I firmly feel this does not make for a healthier society.

  • GianFabien 2 years ago

    VCs have to swing for the fences and hit out of the ball park. Typically half of their investments tank. So the occasional big hits have to pay for all the failures too. Otherwise their investors will just take the safe option with mutual funds, bonds, treasuries, etc.

    • rchaud 2 years ago

      Over the past decade, a lot of these haven't been "hits" at all, except for an IPO bump. WeWork, Uber, Doordash....these have taken in investments on par with some nations' GDP, and are massively unprofitable.

      VCs may need to swing for the fences but they're engendering market failure by concentrating so much capital and media hype into these boring sectors.

    • shapefrog 2 years ago

      They could always try to get better at picking winners

      • JohnFen 2 years ago

        Despite many generations of trying, nobody has figured out how to reliably pick the winners.
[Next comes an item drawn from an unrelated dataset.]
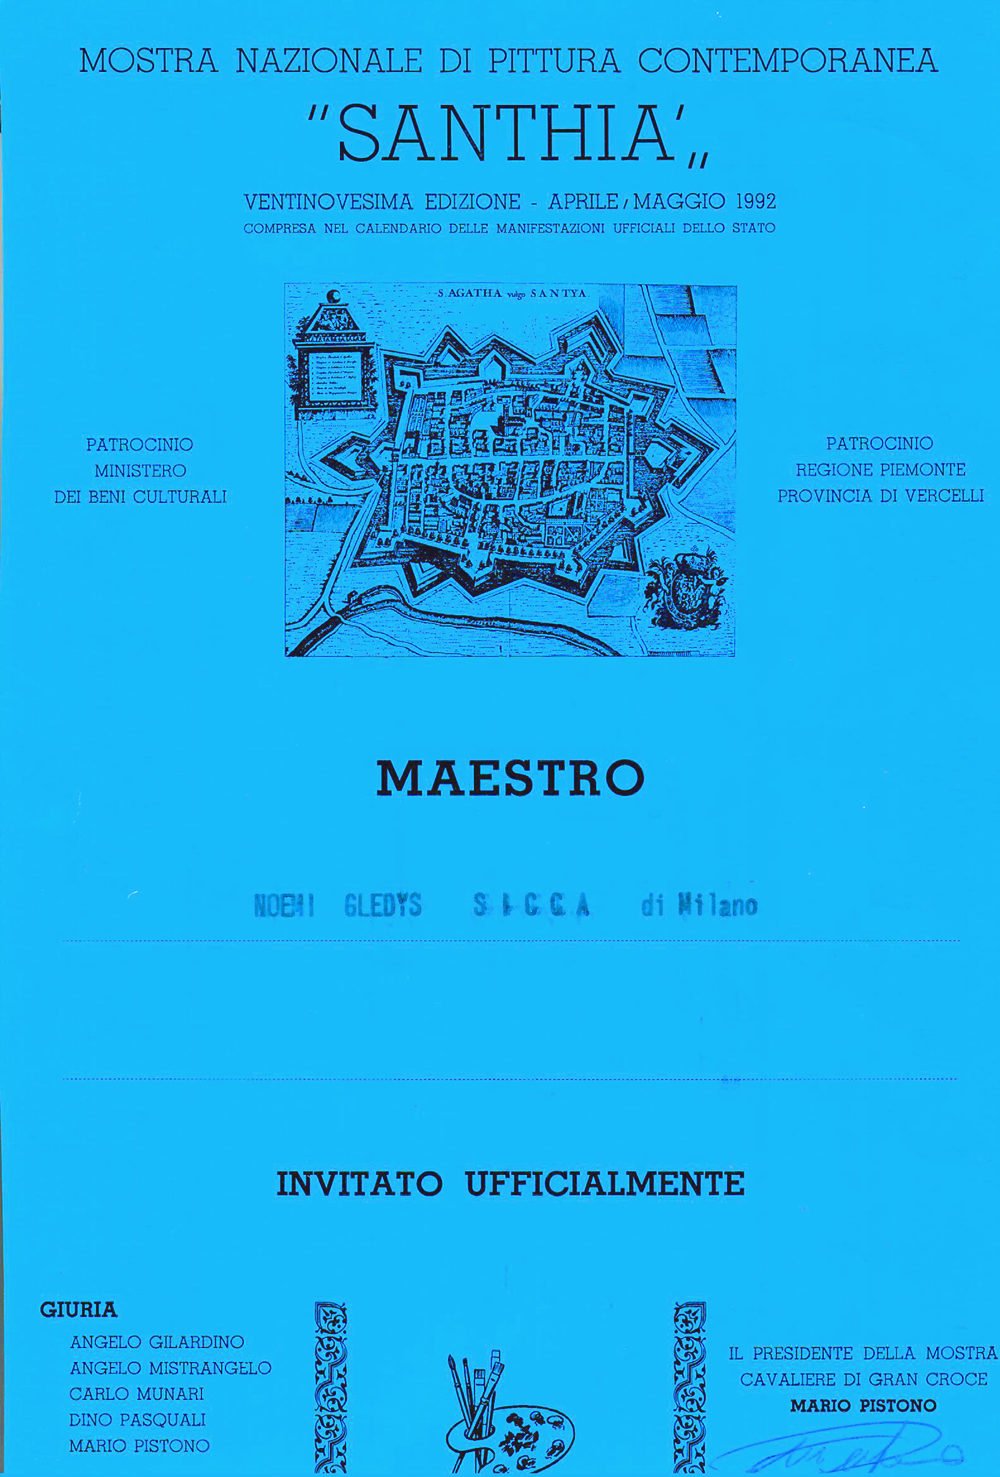 1992 - Collettiva di Pittura Contemporanea ad invito, Sala dell'Auditorium di S. Francesco, Santhia'.

I suspect that doing so is legitimately impossible.

andrewstuart 2 years ago

Unless it’s a race to own a winner take all market position.

In which case it’s worth spending the money in the short term to win in the long term.

But 37 signals always likes to present a contrarian black and white “I’m right, they’re wrong” position, so we shall let them be right.

  • gorjusborg 2 years ago

    They exist, which is contrary to the truism often spouted "if you aren't growing you are dying".

    I find their point of view refreshing, because it reminds me that a lot of the 'laws of business' are just conventions.

  • JohnFen 2 years ago

    > Unless it’s a race to own a winner take all market position.

    Different people are different, of course, but in my opinion any winner-takes-all kind of situation is one to be avoided at all costs.

    • TheCoelacanth 2 years ago

      100%. And when there is one, regulators should stop it.

      Race to own a winner take all market is just a synonym for race to form an illegal monopoly.

GianFabien 2 years ago

The universal rule, for business and personal affairs: earn more than you spend.

However, in business the general consensus is you need to spend money to make money. That is why you have starting capital. With oodles of VC funds, it is tempting to spend without keeping the ROI in mind. Accurately forecasting revenue and achieving it are an enduring challenge.

  • rchaud 2 years ago

    The ROI goal is the IPO price. That's where founders and insiders get paid. Whatever happens after that is somebody else's problem.

isawczuk 2 years ago

It would be true if customer would be 100% loyal. Taxi businesses in my town have been profitable for years until uber-unprofitable companies decided to take their place. Put their logos in airports. now taxi businesses are dying. I have respect to 37signals and they are more successful than any of my endeavours, but in my opinion it's always about eating your own milking cow and building internally killers of your own product. Complete with your own product.

  • robertlagrant 2 years ago

    It's not the unprofit, it's the fact that Uber's app, where you knew the price up front, it wasn't renegotiated at the destination, you could pay safely on your phone, you knew where your driver was, etc etc was all a million miles ahead of the awful experience of taking a taxi before Uber.

    • JohnFen 2 years ago

      My town supports this. Uber and Lyft are present here, but the taxi companies are more popular than they are. The reason is because the taxi companies provide their own apps that give you the benefits that Uber's does.

      • robertlagrant 2 years ago

        That's great, and IME Uber and Lyft's innovations have forced other taxi firms to up their game where it was happily languishing in the 1980s.

ricklamers 2 years ago

Yeah tell this to the guys at MosaicML. Spend less than you earn is a fine strategy but it definitely isn’t the only road to Rome.